American Christianity is far less bloody than it used to be.
Songs like “Power in the Blood” or “There Is a Fountain Filled with Blood” or “Are You Washed in the Blood?” are still sung in some places, but fewer and fewer, and there aren’t many newer songs or praise choruses so focused on blood. The Cross, yes; redemption, yes; but blood, rarely. We’re eager to speak of life, but hesitant to speak of blood.
And this is not only a Protestant phenomenon. Roman Catholics—centered as they are on the Eucharist—often seem to go out of their way to speak of the “real presence” of Jesus in the elements, without going so far as to mention that this presence is believed to be that of his body and blood, as well as soul and divinity. Even Catholic communion hymns, I’m told, prefer terms like “the Cup” to “the Blood.”
The eclipse of blood in American Christianity has quite a bit to do, I suspect, with American prosperity.
The “blood medleys” once so popular in Evangelical hymnals evoke something of the blue-collar, socially marginalized origins of conservative American Protestantism. To sing “Are You Washed in the Blood of the Lamb” often seems too much of a reminder to upwardly mobile suburban professionals that their religion has “redneck” roots. (A Catholic writer suggests that this is also true of the reaction to traditional Catholic piety in the suburban churches filled with the successful descendants of immigrants.)
At the same time, these churches want to relate the gospel to a non-Christian culture. Often, we do so by being as antiseptic as possible: with gleaming restrooms and shiny foyers, with churches designed to look like malls, complete with information booths and coffee kiosks. We assume that making Christianity clean and bright will remove the sting of offense from the gospel.
More “sophisticated” churches avoid the subject of blood, although less sophisticated ones retain enough of the old ways to talk about blood but also to trivialize it. T-shirts ape beer commercials (“This Blood’s For You”) or the tattoo culture (“My Life Was Saved by Body Piercing”).
Some of this is the result of the lingering sting of liberal Christian hostility toward a “slaughterhouse religion.” Some of it is the result of an age that fears blood, but doesn’t know why. Some of it is the result of our ignorance, as we think that “blood” is just another metaphor, one we can easily replace.
And yet, bloodless Christianity leaves a void. Could it be that the lack of emphasis on blood in Evangelical Protestant churches at least partially explains why Baptists and Methodists and Pentecostals who otherwise would have little to do with Roman Catholic imagery found themselves openly weeping in movie theaters as they viewed The Passion of the Christ? Did they need to remember that “with his stripes we are healed” (Is. 53:5)?

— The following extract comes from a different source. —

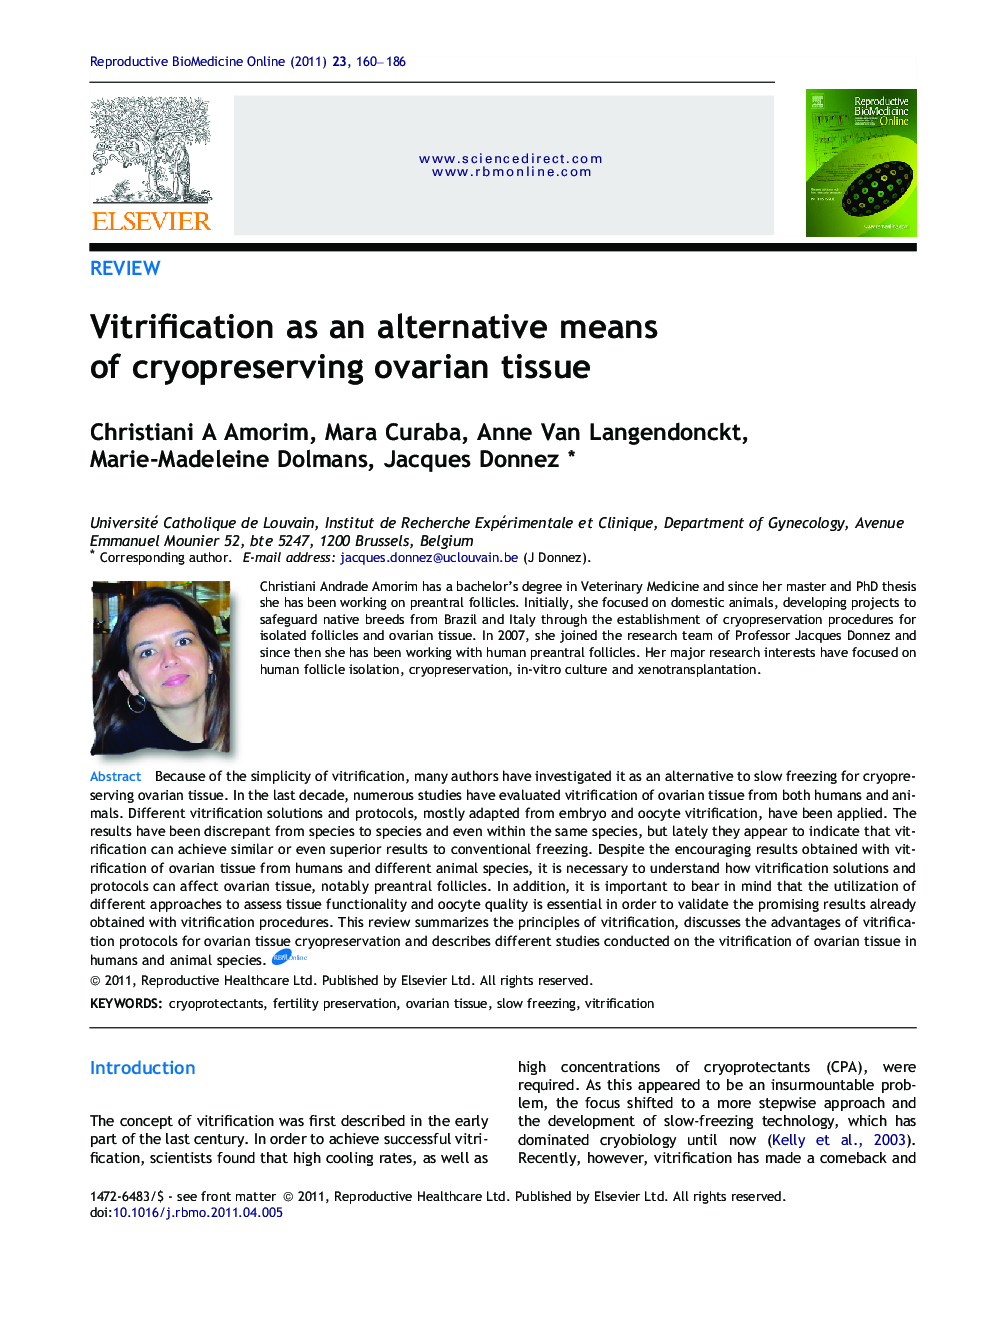 Vitrification as an alternative means of cryopreserving ovarian tissue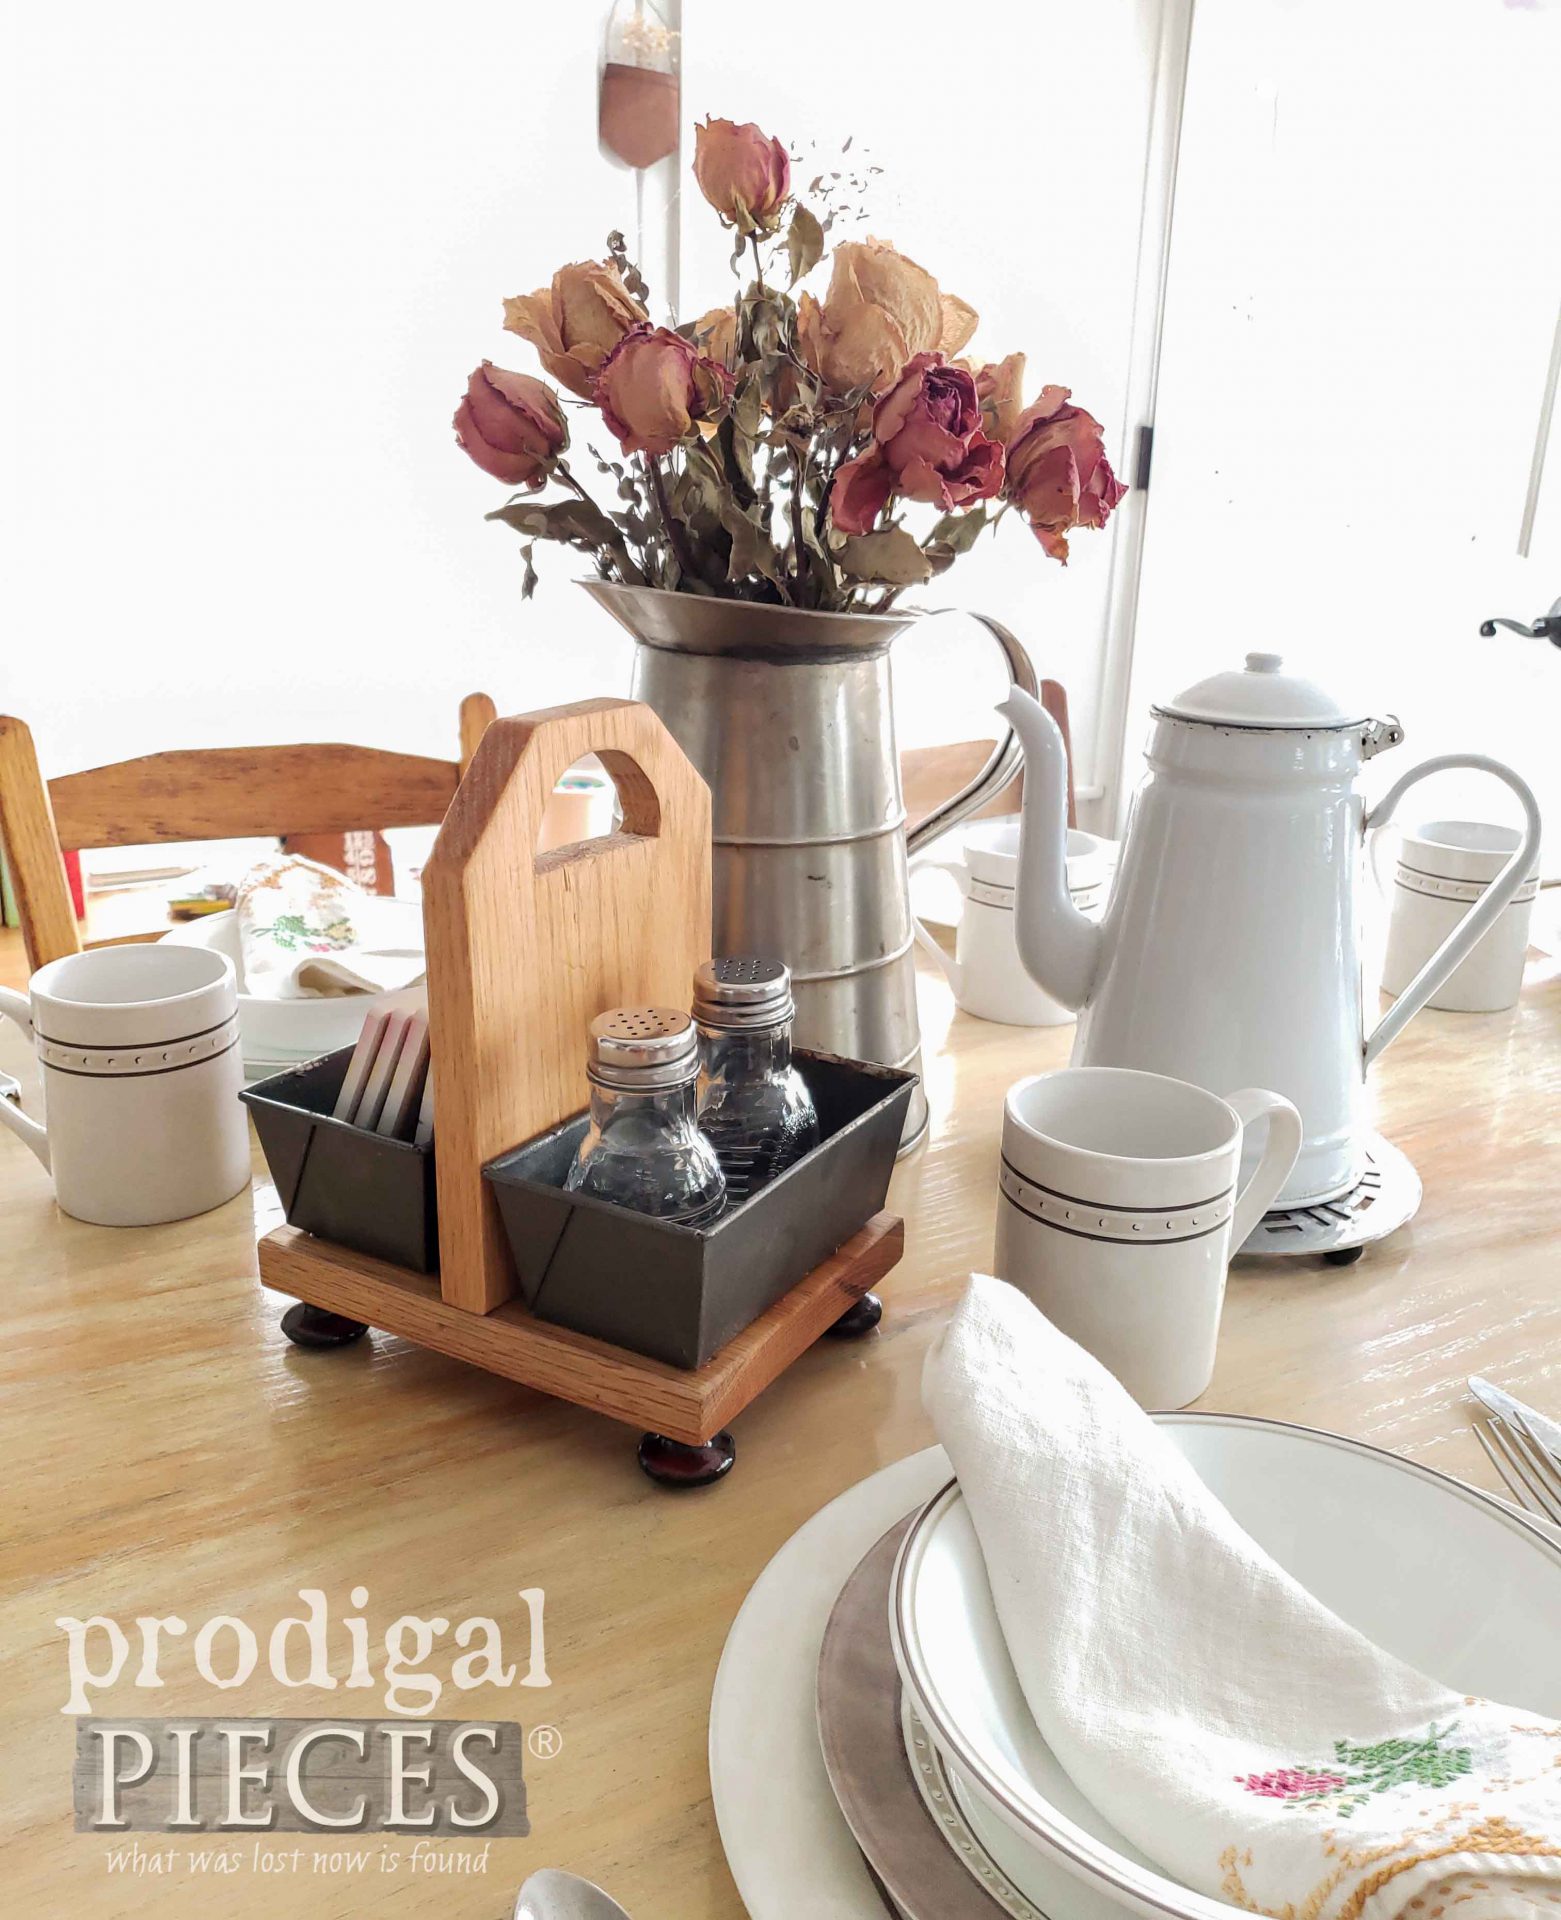 Farmhouse Table Caddy made from Upcycled Bread Pans by Larissa of Prodigal Pieces | prodigalpieces.com #prodigalpieces #upcycle #farmhouse #home #homedecor

Our embarrassment over the bloodiness of Christianity often results in blood atonement being presented in our catechism and discipleship of believers in an attenuated, abstract sort of way. Less and less often do ordinary believers hum to themselves songs about the blood of Jesus. Less and less often do small children memorize Scripture passages about the blood of Christ.
We assume that we first convince unbelievers to follow Jesus—and then we explicate the meaning of his blood, when we think they’re ready for this specialized theological knowledge. But how do we address consciences indicted by the ancient Accuser of Eden—some of them tortured by the knowledge that they have shed innocent blood themselves—without pointing them to the only means of conquering him, “the blood of the Lamb” (Rev. 12:10–11)?
We assume that we teach young Christians how to live, to abstain from sexual immorality and greed and pugilism, before we move to something as seemingly arcane as blood sacrifice. And yet, Scripture assumes that personal morality is built on the knowledge that we were bought “with the precious blood of Christ, like that of a lamb without blemish or spot” (1 Peter 1:19).
We assume that we build “community” in our churches before we address something as raw and potentially alienating as the shedding of blood. And yet, the community we share—bearing with all of one another’s faults and transcending our petty ethnic and cultural prejudices—comes only through the recognition that we share a common condemnation as sinners, but, as we will still confess to our Christ in the heavenly places, “you were slain, and with your blood you ransomed people for God from every tribe and language and people and nation” (Rev. 5:9). Shared life is based on shared blood.
Even the vampires in our popular fiction know that. That’s what makes our bloodless Christianity all the more ironic. We believe we’re more in tune with unbelievers around us, but they’re talking constantly about blood, from pharmaceutical advertisements to horror films, from vampire romance novels to AIDS and DNA testing.
The nineteenth- and twentieth-century revivalist tradition gave the Church a valued psalter of “blood medleys.” Some of them could be done better musically and lyrically, and some even theologically. But let us never be embarrassed by our emphasis—in song, in public prayer, in evangelism, in discipleship, and in preaching—on the blood of Jesus.
There is power—wonder-working power—in the blood. Our culture already sees that. They’re simply looking in the wrong veins.